In civil cases in the USA, evidence is primarily gathered by parties using the formal investigatory pre-trial discovery process. The current Federal Rules were originally adopted in 1938, and provide extremely broad discovery provisions, requiring parties to disclose “any non-privileged matter that is relevant to any party’s claim or defense.” The rules in place prior to 1938 were restrictive and essentially required a party to have in its possession evidence proving its case before filing a claim. The Federal Rules adopted in 1938 drastically changed the system, however, and a party who strongly believes it has been wronged can now file a claim even if it has hardly any evidence, and use the evidence gathered during pre-trial discovery to build up their case.
In the USA, disclosure is compulsory and has an extremely broad scope; a recent article in the International Business Law Journal even comments on the “seemingly limitless reach of American discovery.” Two key characteristics of pre-trial discovery are that (i) it takes place, for the most part, extra-judicially with minimal court intervention and (ii) a party can actually force the other to provide them evidence, whether or not it is of genuine interest or relevance to the case.

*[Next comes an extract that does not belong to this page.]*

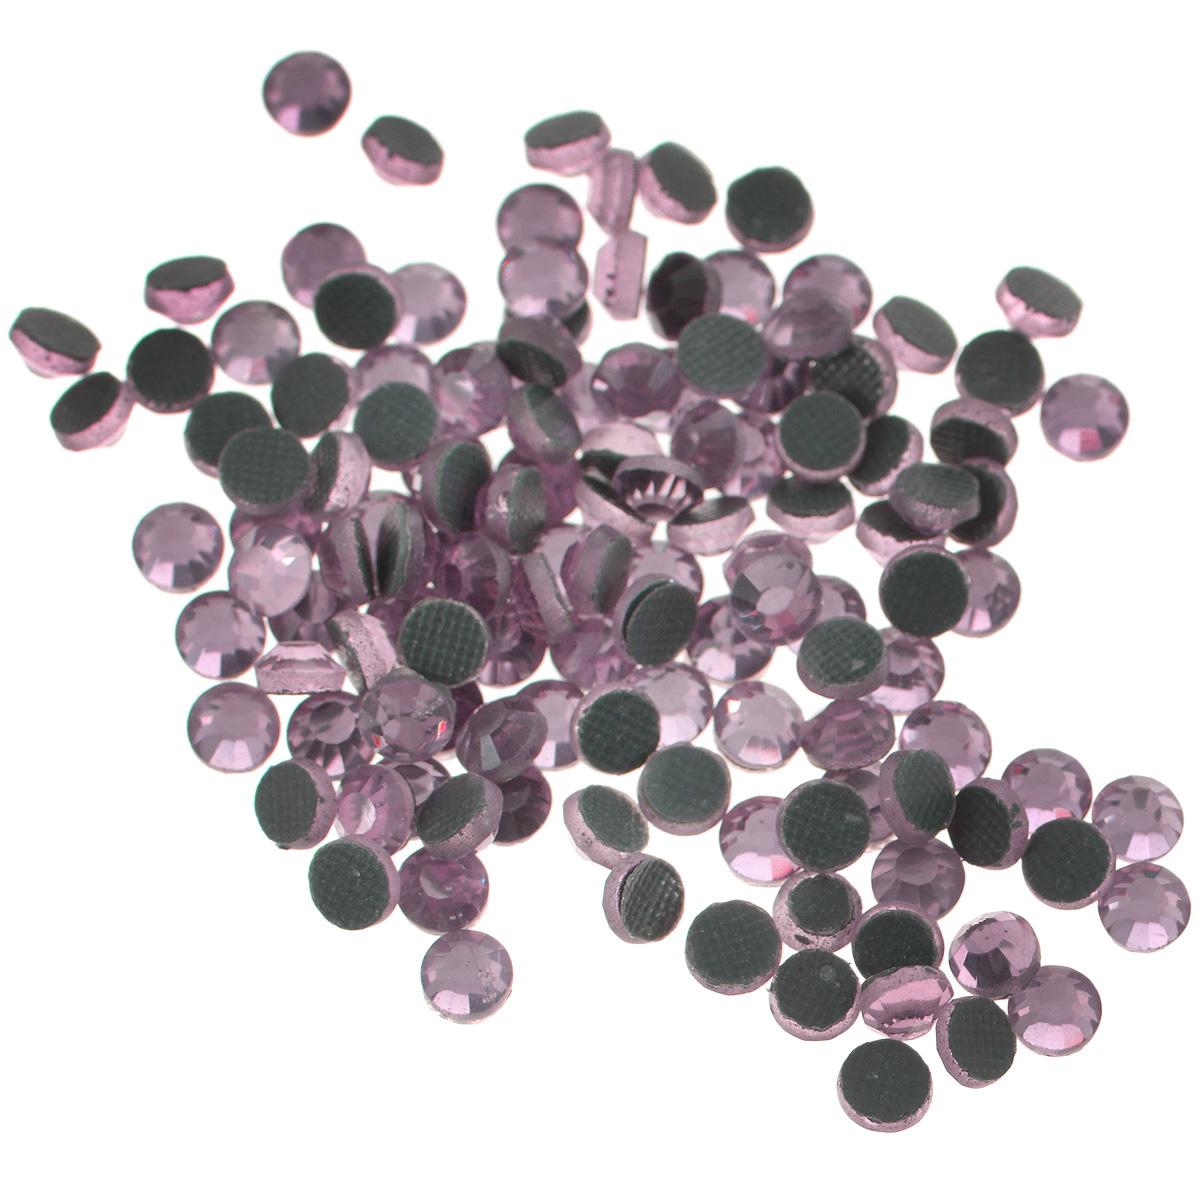 Стразы термоклеевые Cristal, цвет: бледно-розовый (212), диаметр 4 мм, 144 шт7706831_212Набор термоклеевых страз Cristal, изготовленный из высококачественного акрила, позволит вам украсить одежду, аксессуары или текстиль. Яркие стразы имеют плоское дно и круглую поверхность с гранями. Дно термоклеевых страз уже обработано особым клеем, который под воздействием высоких температур начинает плавиться, приклеиваясь, таким образом, к требуемой поверхности. Чаще всего их используют в текстильной промышленности: стразы прикладывают к ткани и проглаживают утюгом с обратной стороны. Также можно использовать специальный паяльник. Украшение стразами поможет сделать любую вещь оригинальной и неповторимой. Диаметр стразы: 4 мм.

There are a number of tools within the arsenal of pre-trial discovery to enable the gathering of evidence:
Much like in the system in the UK, disclosure in the US Federal courts requires parties to automatically share routine evidentiary information at three points of the case: the beginning, later in the pre-trial process and just before the trial begins. Initially, parties must disclose basic information about every witness they intend to call, copies of documents or items supporting their claim or defence, their schedules of loss and any information about insurance or payment agreements. Later in the pre-trial process parties must disclose the identity and qualifications of any expert witnesses they will be using, along with a summary of their conclusions. Right before the trial begins the parties must disclose which evidence they will be relying on. This is the point at which any objections can be raised by either party.
2 – Depositions
Depositions are a key mechanism of the pre-trial discovery process, in which the parties gather evidence by recording sworn out-of-court testimony of each other’s witnesses. Depositions are initiated and supervised by the parties and their legal representatives, and do not usually involve the court directly. All parties can question the witness during a deposition and in theory their attorneys cannot ‘coach’ the witness in what to say. Equally, attorneys cannot usually object to deposition questions put to the witness.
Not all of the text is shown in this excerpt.